Exercise requirements
Omit the pictures and return exactly the stretch of the material below from the line with "Uncle Edward & Egg" through the line with "C'est une jungle".

Records for processing
=== Section Start ===

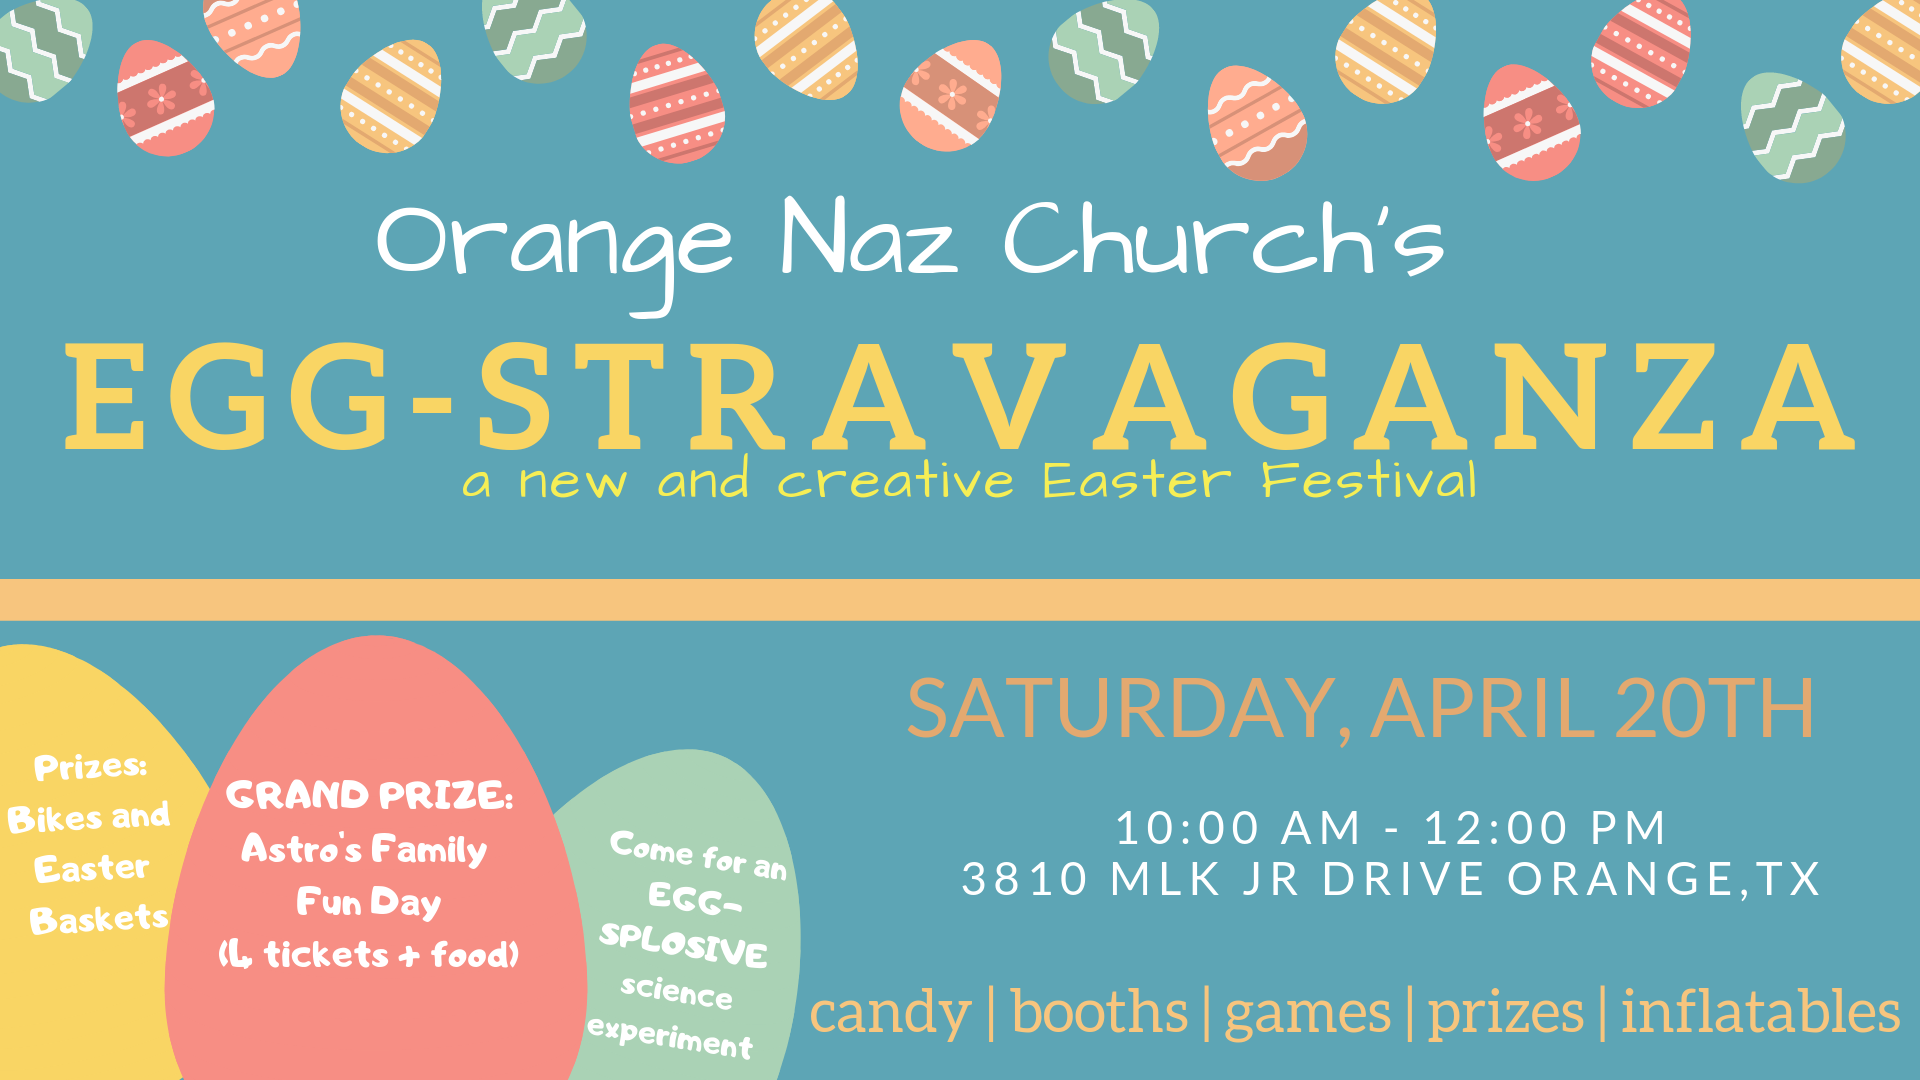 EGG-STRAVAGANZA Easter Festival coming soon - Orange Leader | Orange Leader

=== Section End ===
=== Section Start ===

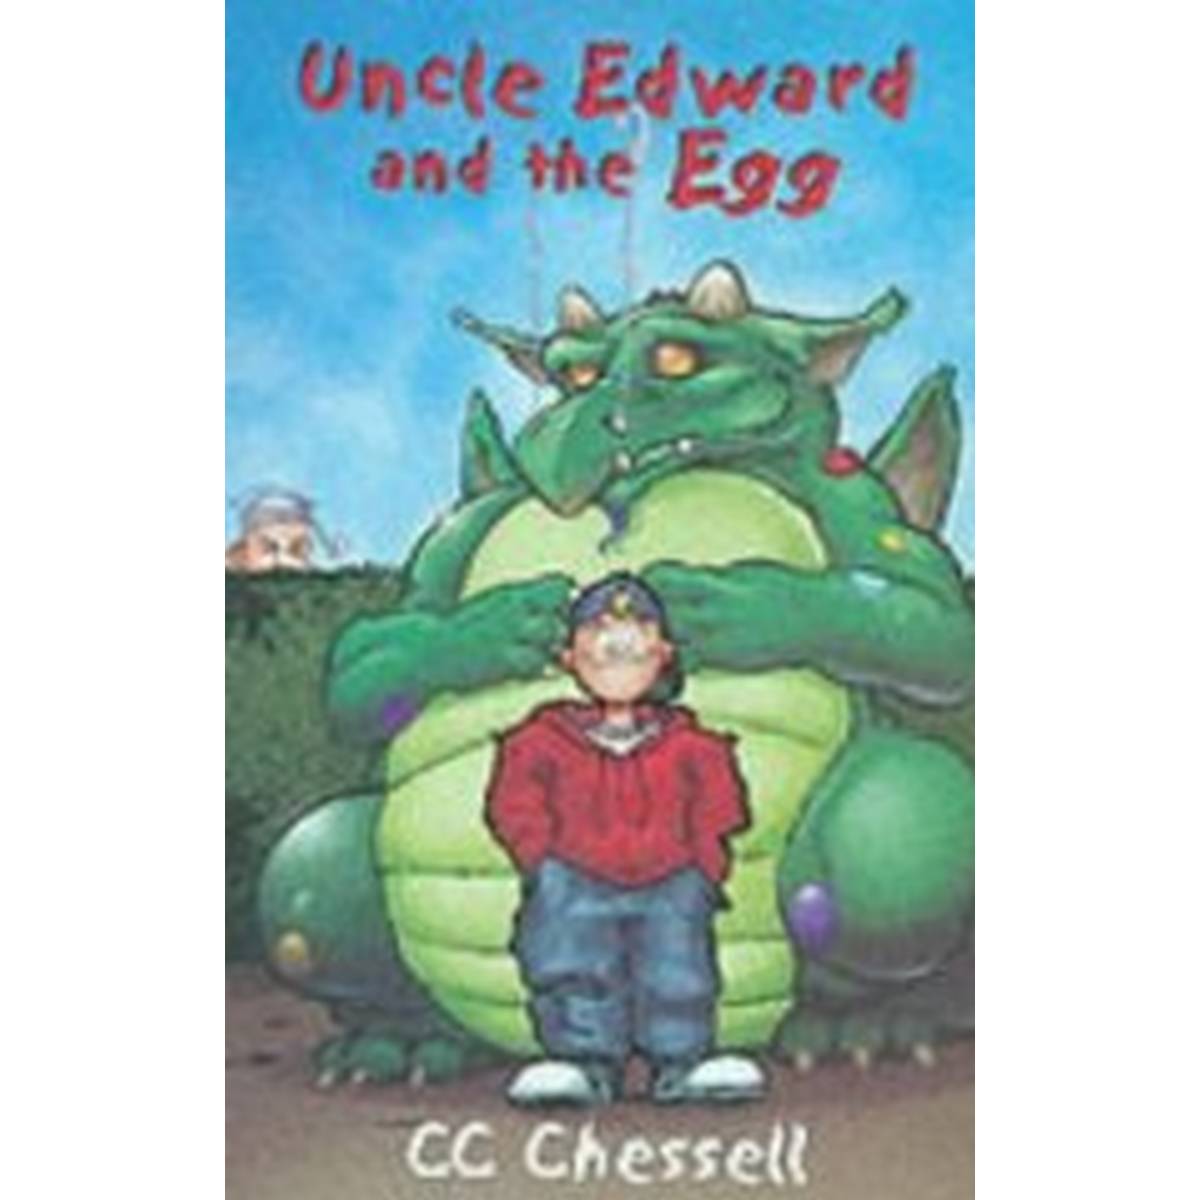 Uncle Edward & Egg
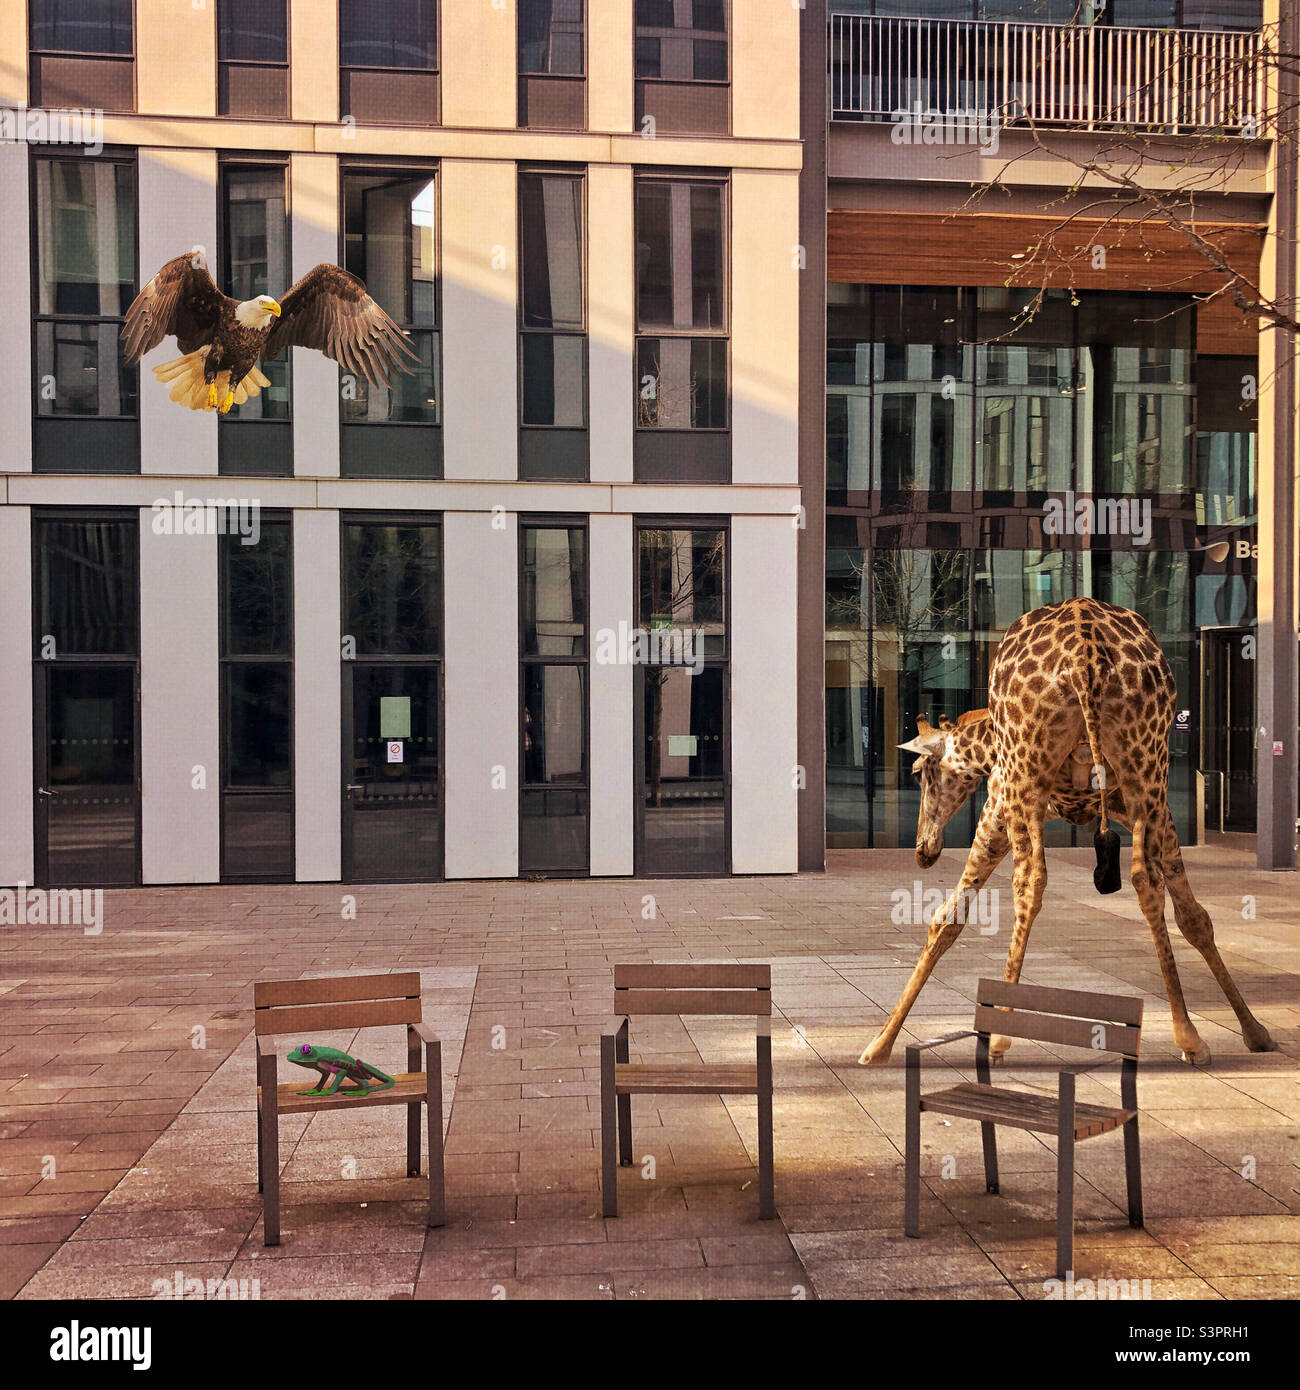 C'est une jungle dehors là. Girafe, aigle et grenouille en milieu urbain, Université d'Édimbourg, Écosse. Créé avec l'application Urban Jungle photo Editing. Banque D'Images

=== Section End ===

Solution to this problem
 Uncle Edward & Egg
 C'est une jungle dehors là. Girafe, aigle et grenouille en milieu urbain, Université d'Édimbourg, Écosse. Créé avec l'application Urban Jungle photo Editing. Banque D'Images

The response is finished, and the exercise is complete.